Despite a sense of progress, it feels like the glory days where content marketing was untouchable are over (according to Gartner we’re in the “Trough of Disillusionment” so things can only go up from here) and business leaders are starting to demand a much deeper understanding of what success looks like. On top of this, customers expect more; high quality content and brand consistency are hygiene factors as the competition for attention reaches unprecedented levels. Which is why it is baffling to think that only 58% of us create content for our audience versus for our brand.
Note: all data reflect the percentage of Australian marketers who use these tactics and channels
1. Generosity and selflessness are the secret sauce for audience development.

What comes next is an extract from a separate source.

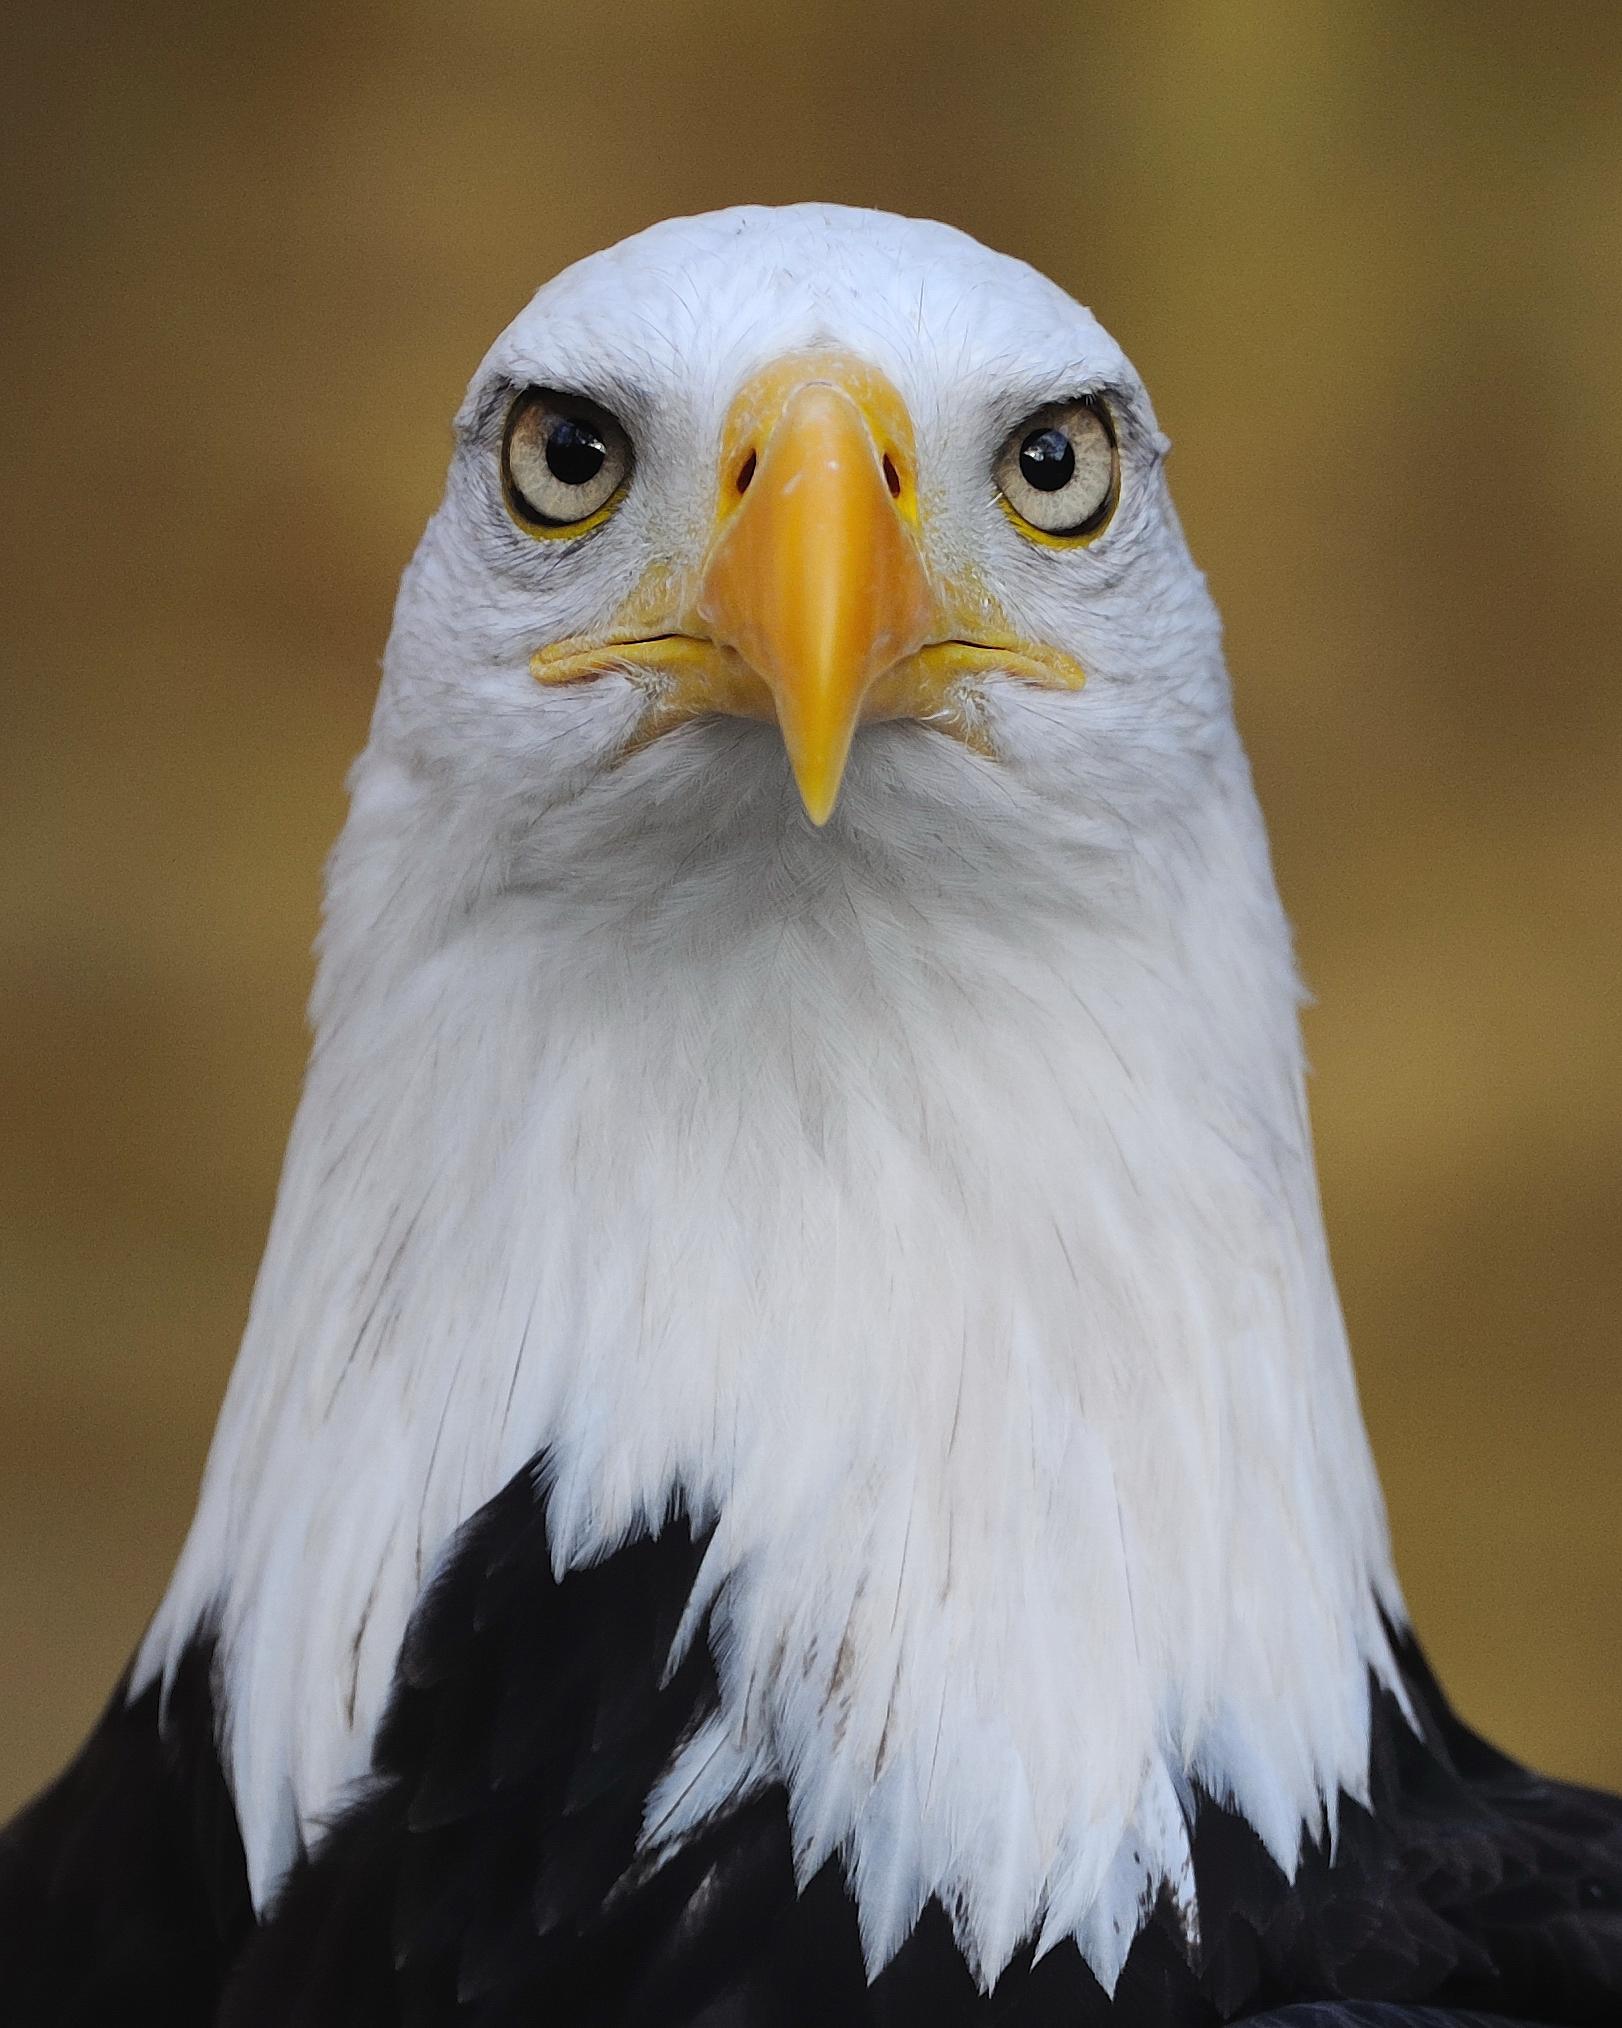 Convergence Binocular Vision an Eagle Binocular Vision

Where once content marketers were completely obsessed with social media - and you could argue we still are as social media posts rank as the top content format – we’ve finally caught on to audience development. I've always said it's not sustainable to build an empire on rented land. This year most people agree. There has been a major increase in brands building their own audiences (up to 85% this year from 69% in 2017) which is likely to be influenced by the continued shift towards “a pay to play” model in social networks and ad-blocking in digital platforms.
The challenge for marketers is going to be keeping these “owned” audiences genuinely engaged. If you're a content marketer wanting to stand out, be relevant, or loved, focus on quality over quantity. And, be sure you have a considered contact strategy that captures people in moments that matter or at a frequency that isn't creepy. Very simply, give people content they want when they want it. The moment your email newsletter becomes a chore, or your magazine is a marketing brochure, it might be time to book yourself a holiday and reboot.
"Very simply, give people content they want when they want it."
2. Focus your efforts and measure what matters.
There's increased expectation on results and scale but 79% of Australian marketers remain challenged by the content creation process and 41% say they don't know how to measure genuine return on investment. Perhaps this has something to do with the fact that 42% of content marketing is managed by a small or one person team – no doubt run off their feet trying to be all things to all people.
My advice to marketers is to keep things simple: articulate a plan that is built from customer insight married to the core competency of your brand and don't deviate from this position. Do one thing really well. It also pays to find a technology that brings the plan to life - whether they solve workflow or distribution challenges - but don't get swept up with all the bells and whistles that you'll probably never use. Finally, be patient. Content marketing is a long play and a lot like fishing: if you want to catch the big fish, you have to put in the time. As tempting as it is, don't measure long term success by short-lived campaigns.
"Content marketing is a long play and a lot like fishing: if you want to catch the big fish, you have to put in the time."
3. Look left and right: the difference between you and the next brand is what you see.
More marketers than not set themselves up to fail. Well perhaps not intentionally, but 43% certainly haven't documented a content marketing strategy. And, only 37% of content marketers craft content based on specific points of the user journey.
This means there are a lot of us who are not only wasting money but we're doing our brands and the industry a disservice. It's alarming that the same people who probably wouldn't buy the weekly groceries without a list, or build a house without a blueprint, will launch into content marketing feet first. Content marketing plans don't have to be dense, but they need to be smart. That's why I like our simple “Think, Create, Evaluate”' philosophy at Hardie Grant.
And remember, content plans are living, breathing things that should evolve as we learn and adapt. While the industry is moving at speed, like many things in business you're better to take a moment and put in the time to look left and right, understand what your customers need, and be a fast follower, than expand an already stretched operation because “everyone else is doing it”. At the end of the day, being active isn't the same as being effective: we need to do less, but better.
"Being active isn't the same as being effective."